Jen Wang’s given us cyberpunk fantasy with In Real Life (2014) and high fantasy with The Prince and the Dressmaker (2018). With Stargazing, readers get a more contemporary story with, as Kirkus notes, a true portrayal of the diversity within the Asian-American community.
Christine is a Chinese-American girl from a more traditional Chinese family. She is focused on school and her music, until her family moves YuWen Lin and her daughter, Moon, into the in-law apartment where Christine’s grandfather used to live. YuWen and Moon are a struggling family, and the hospitality offered by Christine’s family is much appreciated. Christine and Moon are encouraged to spend time together, but the two are polar opposites: Moon is a vegetarian Buddhist who loves K-Pop and is rumored to get into fights. Despite their differences, Christine and Moon grow close, with Moon introducing Christine to a lighter, more fun side of life, letting her relax and let her guard down. Moon confides in Christine, telling her that she belongs in outer space, and that beings from space speak to her. When Moon meets a Caucasian girl that shares many of her interests, Christine’s jealousy takes control, and she puts Moon into an embarrassing situation; Moon reacts with her fists, which leads to an episode that lands Moon in the hospital.

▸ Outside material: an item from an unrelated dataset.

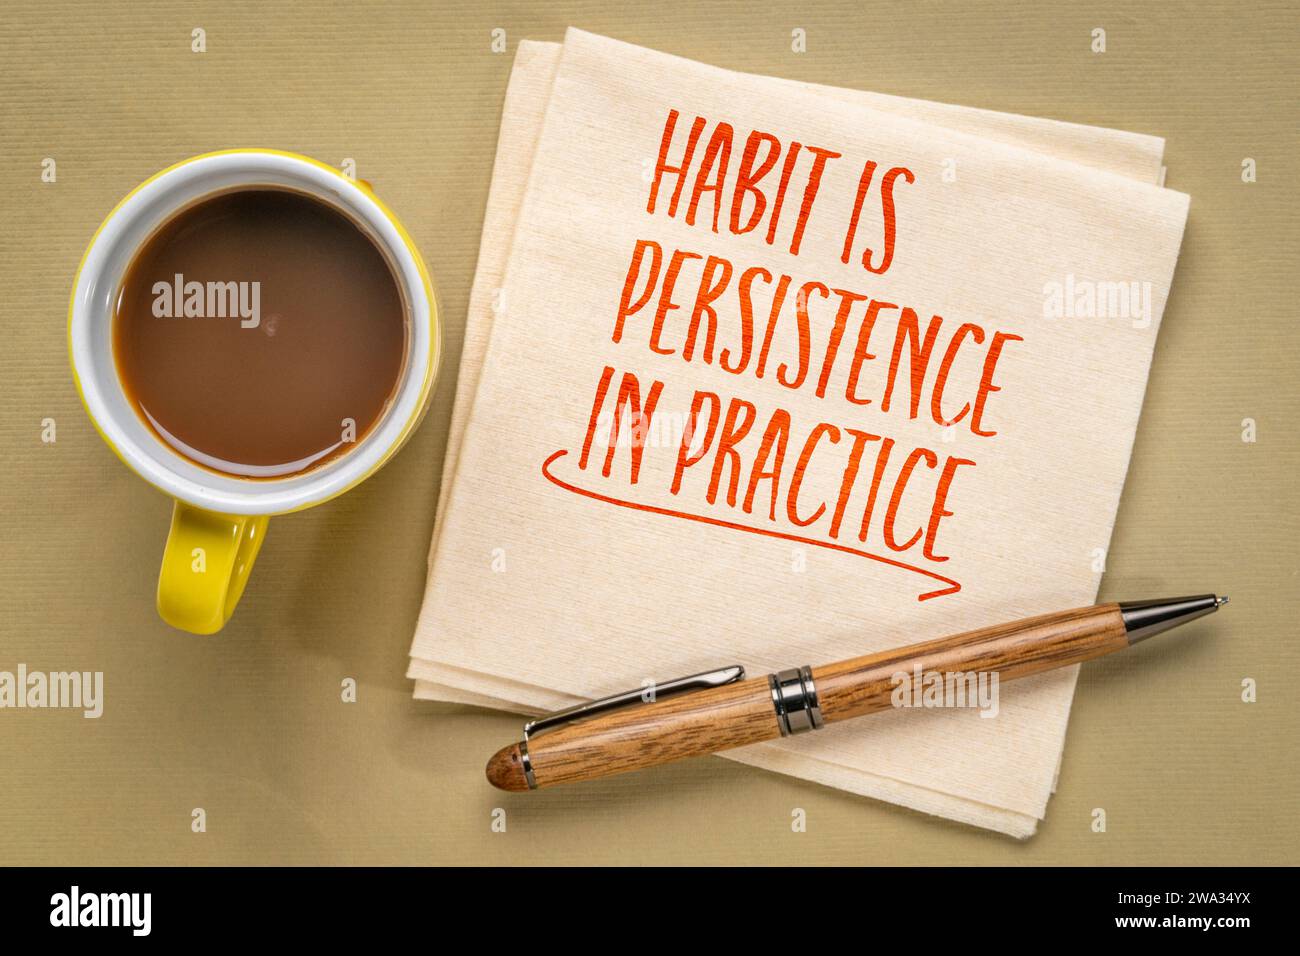 habit is a persistence in practice - inspirational reminder note on napkin, personal development concept Stock Photo

Jen Wang weaves an intricate story of family expectations, social groups, and the complexity of navigating friendships in Stargazing, giving us some of her best storytelling yet. Influenced by events in her childhood and growing up in an Asian-American family, the story has depth and incredible emotion. Whether she’s giving us cyber farmers (In Real Life) or a friendship between two schoolgirls who love K-Pop, Jen Wang always manages to make her character’s humanity the central focus of her stories. Christine and Moon are so real, so strong, that their voices come right off the page and speak to readers; telling them about their stories, their lives, their struggles. When Christine writes that she doesn’t consider Moon Asian, we see the conflict between a traditional Chinese household versus a more contemporary, Westernized Chinese-American household. Christine’s mother holds Chinese lessons in her home; YuWen runs a plant nursery and watches TV with her daughter at night. While Christine listens to more Westernized music, Moon embraces K-Pop and dance routines. The two families present a glimpse into the diversity of Asian-American families, both connected to the culture in different ways.